Image by Xavier Cee, from Unsplash
New Malware Uses GPT-4 To Generate Attacks On The Fly
Security researchers have found early evidence of malware that uses large language models (LLMs) to generate malicious actions on the fly.
In a rush? Here are the quick facts:
- Researchers found malware using LLMs to generate code at runtime.
- Malware dubbed MalTerminal used GPT-4 to build ransomware and shells.
- Traditional antivirus tools struggle to detect runtime-generated malicious code.
The findings were presented at LABScon 2025 in a talk titled “LLM-Enabled Malware In the Wild.”
According to SentinelLABS, “LLM-enabled malware poses new challenges for detection and threat hunting as malicious logic can be generated at runtime rather than embedded in code.”
These threats operate through execution-based methods which make them impossible for standard antivirus systems to detect because the harmful code does not exist until execution time.
The team identified what they believe may be the earliest case of this kind of malware, which they dubbed ‘MalTerminal’. The system based on Python employs GPT-4 API from OpenAI to generate ransomware attacks and reverse shell attacks.
The researchers documented additional offensive tools, which included vulnerability injectors, and phishing aids to show how attackers experiment with LLMs.
“On the face of it, malware that offloads its malicious functionality to an LLM that can generate code-on-the-fly looks like a detection engineer’s nightmare,” the researchers wrote.
Other cases include ‘PromptLock’, which first emerged as an AI-based ransomware in 2023, and PROMPTSTEAL, a malware connected to the Russian group APT28. The researchers explain that PROMPTSTEAL embedded 284 HuggingFace API keys and used LLMs to produce system commands for stealing files.

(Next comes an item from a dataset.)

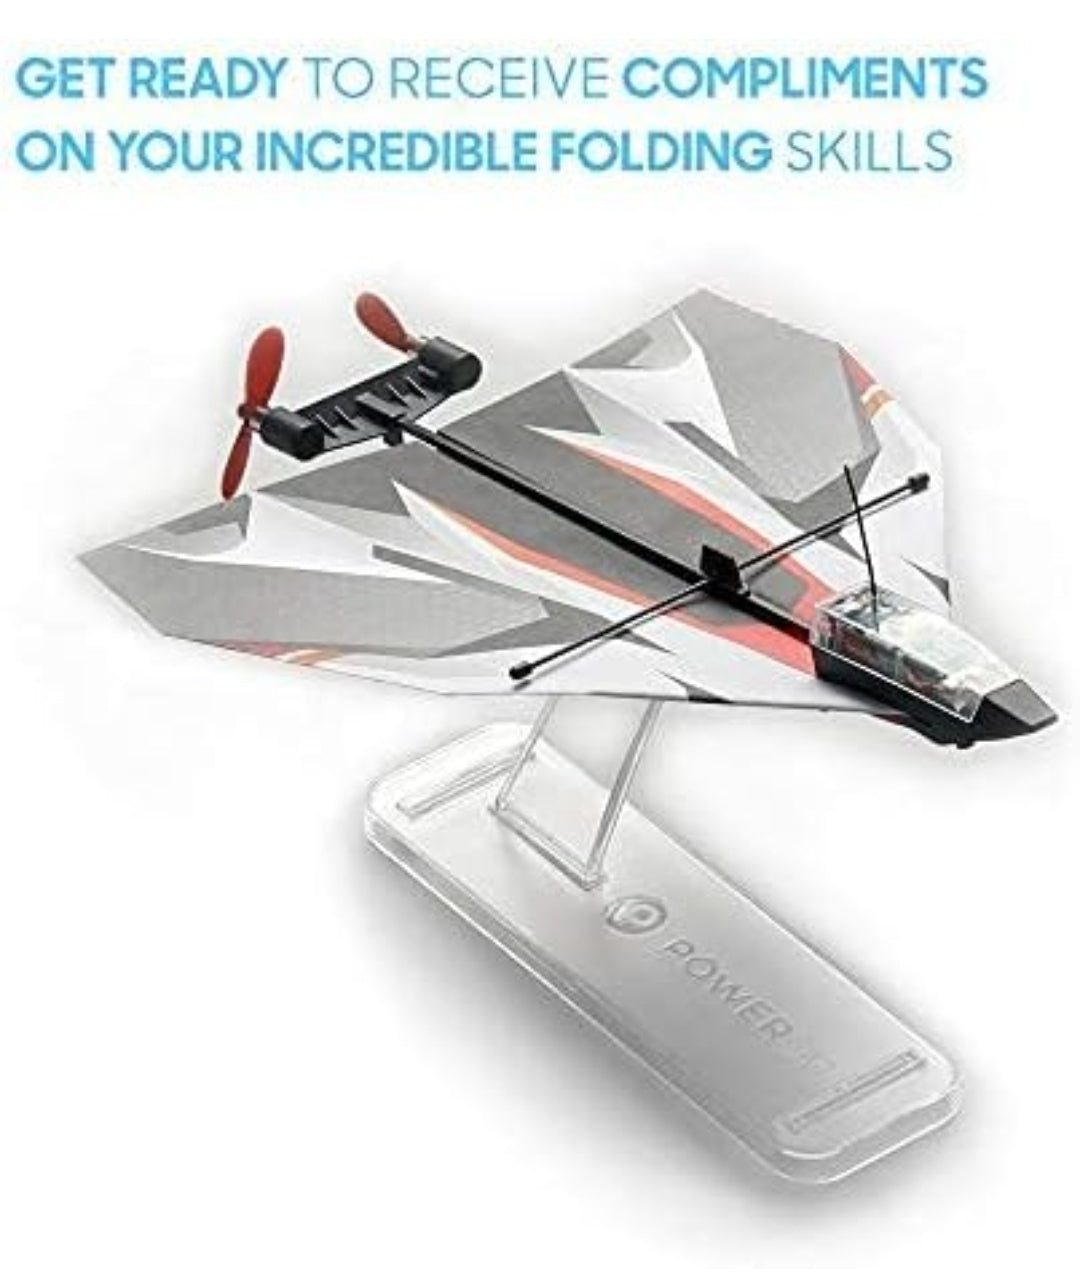 NIB *Paper Plane Templates &     Paper for PowerUp 4.0 Paper Air Plane Kits [Many Designs]

Researchers found that despite their sophistication, LLM-enabled malware must include “embedded API keys and prompts,” leaving traces that defenders can track. They wrote, “This makes LLM enabled malware something of a curiosity: a tool that is uniquely capable, adaptable, and yet also brittle.”
For now, the use of LLM-enabled malware appears rare and mostly experimental. But experts warn that as adversaries refine their methods, these tools could become a serious cybersecurity threat.